I was one of those members too. I became so scared of my capability to hurt someone, I begun locking myself away, and tried to get myself sectioned... Funny looking back, terrifying at the time.

The truth is, it is only anxiety, and no matter how strong, or how real these thoughts/urges/feelings feel, they are all anxiety. The less you involve yourself with them, the quicker they will go, but this will take time. Try to avoid triggers for the moment, things like horror movies, or the news. Don't give anxiety anything to pick up on. It's a creative condition, and will use anything it's given.

A google search of 'Pure O' 'Harm OCD' or 'HOCD' will usually bring up hundreds of posts similar to yours, and you will be able to read their cures.
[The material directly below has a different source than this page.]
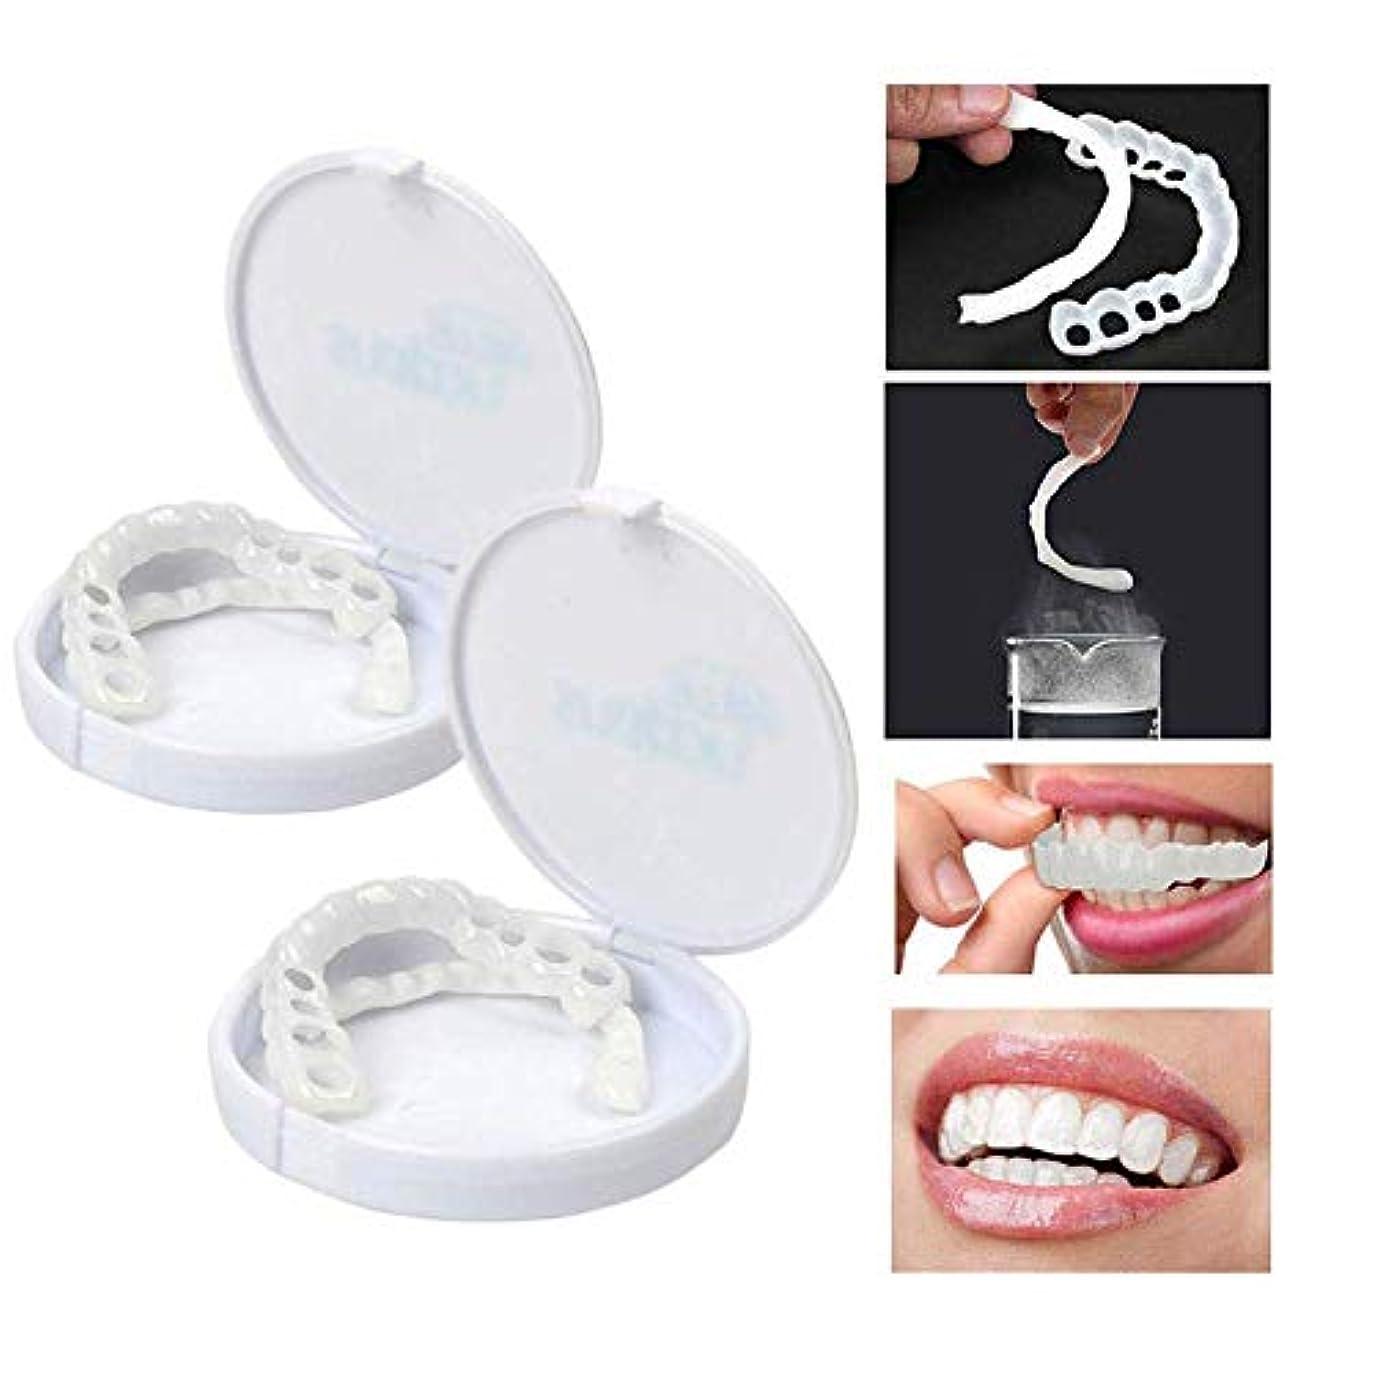 局タオル上2組歯のベニヤブレース、歯のフープ屋根付き歯の下のザティースフープのブレース、ビューティーブレース、歯科用化粧品デンタルベニア

A small clue... when any thought begins with the phrase "What would happen if...' there's a hundred to one on shot it's anxiety

Take care :)

Thank you so much, people like yourself are the reason I continue to use this forum

alankay
02-10-2013, 03:41 PM
Yep, common with even non-anxious folk. Just another worry. Doesn't mean it will ever happen at all. Alankay

Saldav
02-10-2013, 03:47 PM
Lately when I have time to think I get this fear of one day losing it and hurting someone. In the city I live in lately there was a few crazy murders and things of that sort and every team I hear about one it just makes me wonder what could have possessed someone to act that way. The other day I got into a little bit of an arguement with someone who was really rude to me at work and when I got angry I couldn't stop thinking about the situation til I left work. This kind of threw my thoughts in a whirl wondering what would of happened if I had lost it, and the last thing I'd ever want to do is hurt someone. I've had my share of moments before just as anyone does but I definately wouldn't say I'm a very violent person in any way. Can anyone relate or share some advice? :( I'm just praying this is all anxiety and not a serious problem.

It's definitely anxiety cause I felt that way also, it's the anxiety that makes you think like that I've had violent thoughts but I know I wouldn't act on them. It's scary but ya it's anxiety.